Key issues like voter education, crime, development, service delivery, labour, land and poverty received relatively little focus.

Bird said the easy option would be to place wholesale blame on the media for this distorted coverage, but doing so would neglect the fact that the electioneering discourse of the three parties which won the majority of the national vote – the ANC, the DA and the EFF – did not touch on these issues either.

Bird concluded that while the mainstream media does cover social justice issues, many journalists do not make the connection between the topics covered and their social impact obvious enough.

The exchange

The centrepiece of the seminar was a discussion between gender and HIV activists, Vuyiseka Dubula and Portia Serote, of Sonke Gender Justice and TAC respectively, and Moshoeshoe Monare, the deputy editor of the Mail & Guardian, and Rapula Moatshe, the current Eugene Saldanha fellow.

Serote beseeched journalists not to echo politicians who deliver ambiguous stories to the South African people. “Politicians say things they don’t mean,” she said.

“When we call the media, you are not there,” she said.

Serote conceded that “the mainstream media is doing something but not enough”. She used the recently publicised issue of the rollout of HPV vaccinations to school girls to substantiate her claim. The mainstream media had not reported on this health service implementation failure. It was full of praise for this initiative of Aaron Motsoaledi (current Minister of Health) but neglected to follow up on the story by investigating the scope and success of the implementation of the vaccine.

“It is not being implemented in the right way,” she said. “What about children in rural areas and informal settlements who aren’t in school? I expected the media to go to these areas where children are not attending schools … The mainstream media say the Minister is doing good work!”

Dubula said that journalists were afraid to write informatively and critically about gender based violence.

“How many more women should we see dying at the hands of their own parents?” she asked.

The media’s apparent lack of interest in the travails of ordinary people was omitting many injustices from the public record and from deserved public outcry.

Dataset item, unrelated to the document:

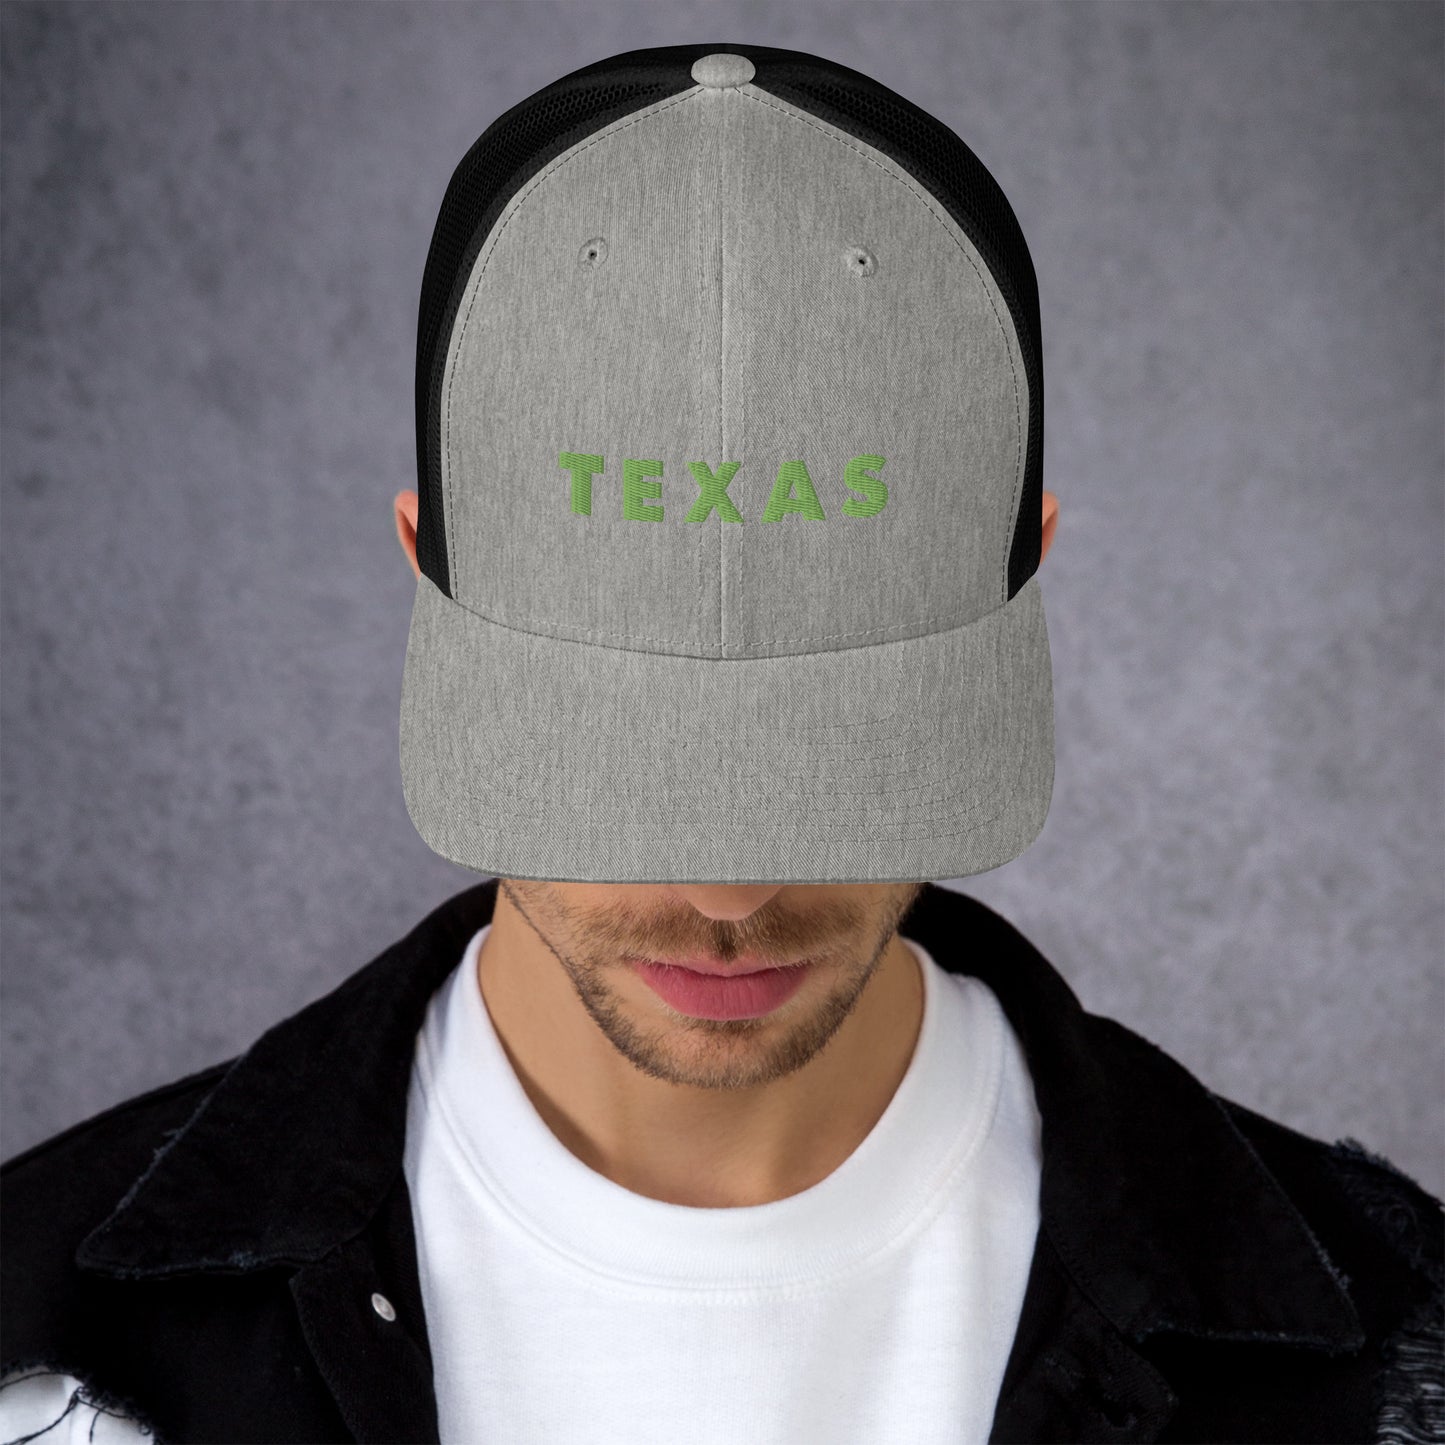 "Texas" trucker cap

Instead, the media was fixated on one gender based injustice, the Oscar Pistorius trial, at the expense of many other narratives which should be voiced and confronted. For instance, the killing of a young gay man in Ceres went unnoticed by the mainstream media.

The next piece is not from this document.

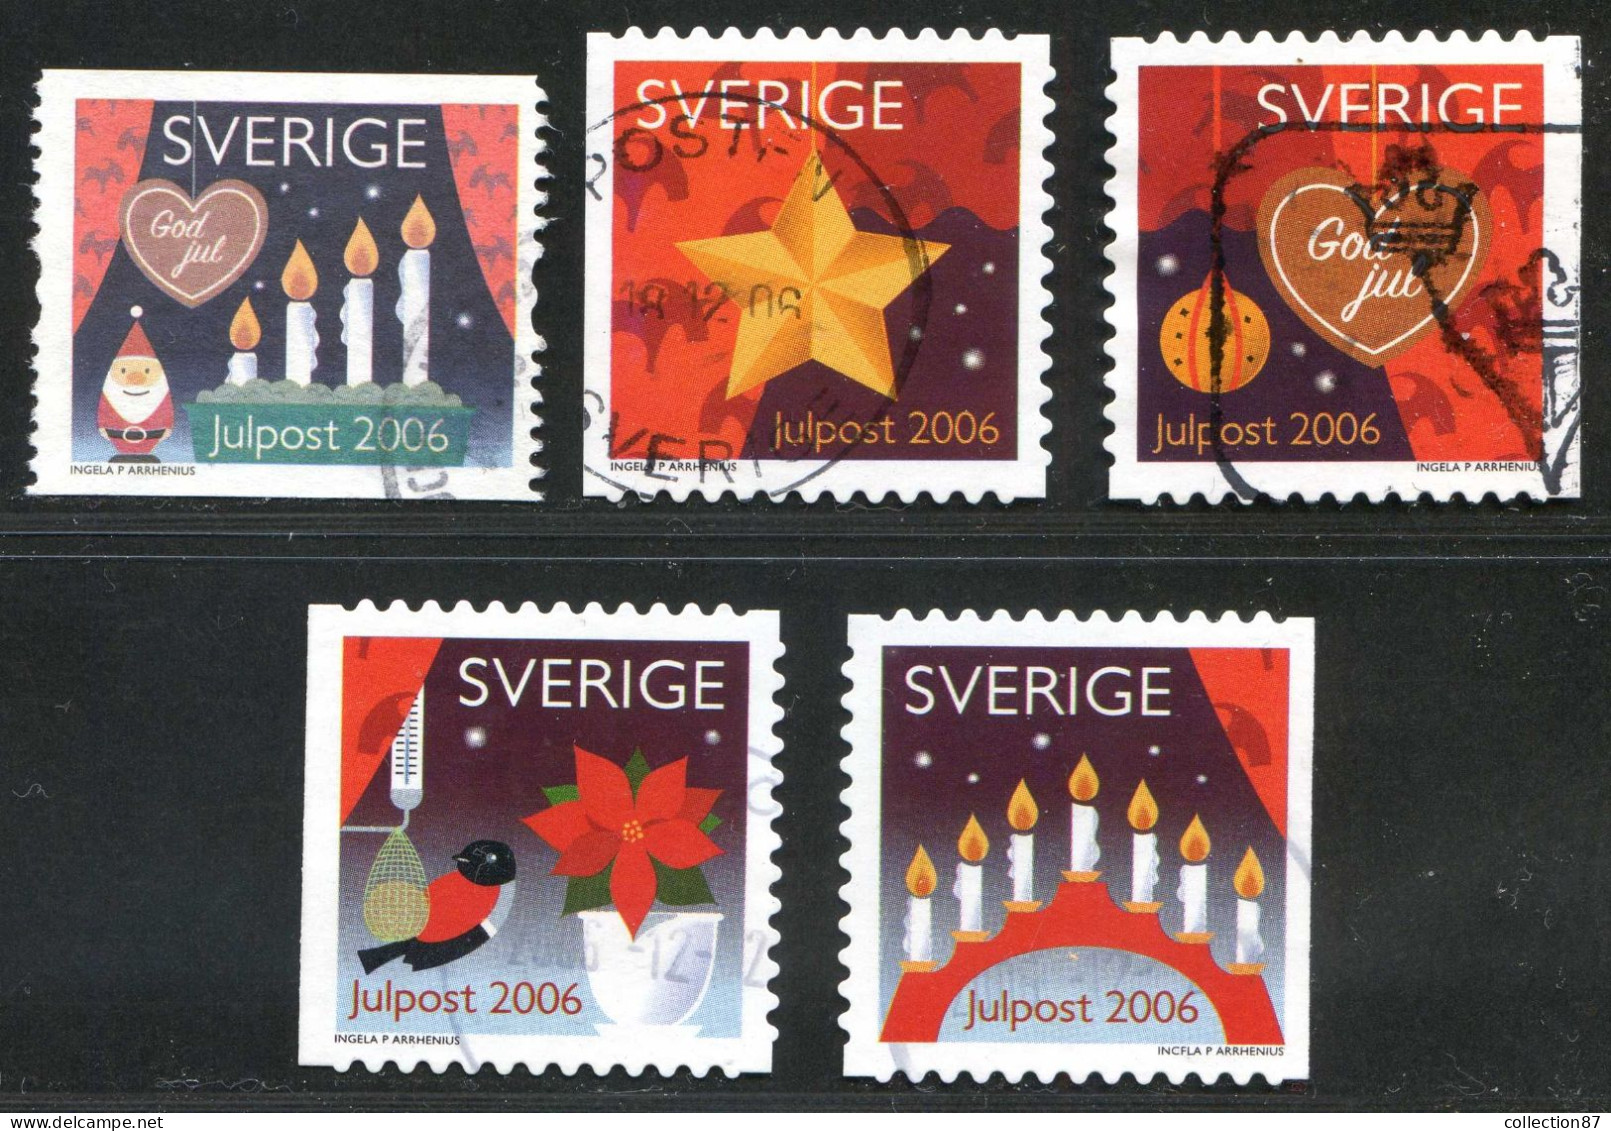 Réf 77 < SUEDE Année 2006 < Yvert N° 2542 à 2546 Ø Used < SWEDEN < Noel < Bougies Etoile - Used Stamps

Dubula went on to question why more reporting on discrepancies between law and policy, and the situations of people on the ground, is not more forthcoming from the mainstream media.

Monare acknowledged the need for mainstream media to provide more comprehensive coverage, but said budget cuts limited coverage of these kinds of issues.

Monare wondered whether citizen journalism could fill in where the mainstream media was struggling.

Dubula said, “You [the mainstream media] are the problem sometimes. What about the people at ground level? Everything is about what’s happening on state level.”

Monare reiterated that the media urgently needs ways of raising capital that are not overly reliant on advertising. If this does not happen, published content will remain shaped by class bias.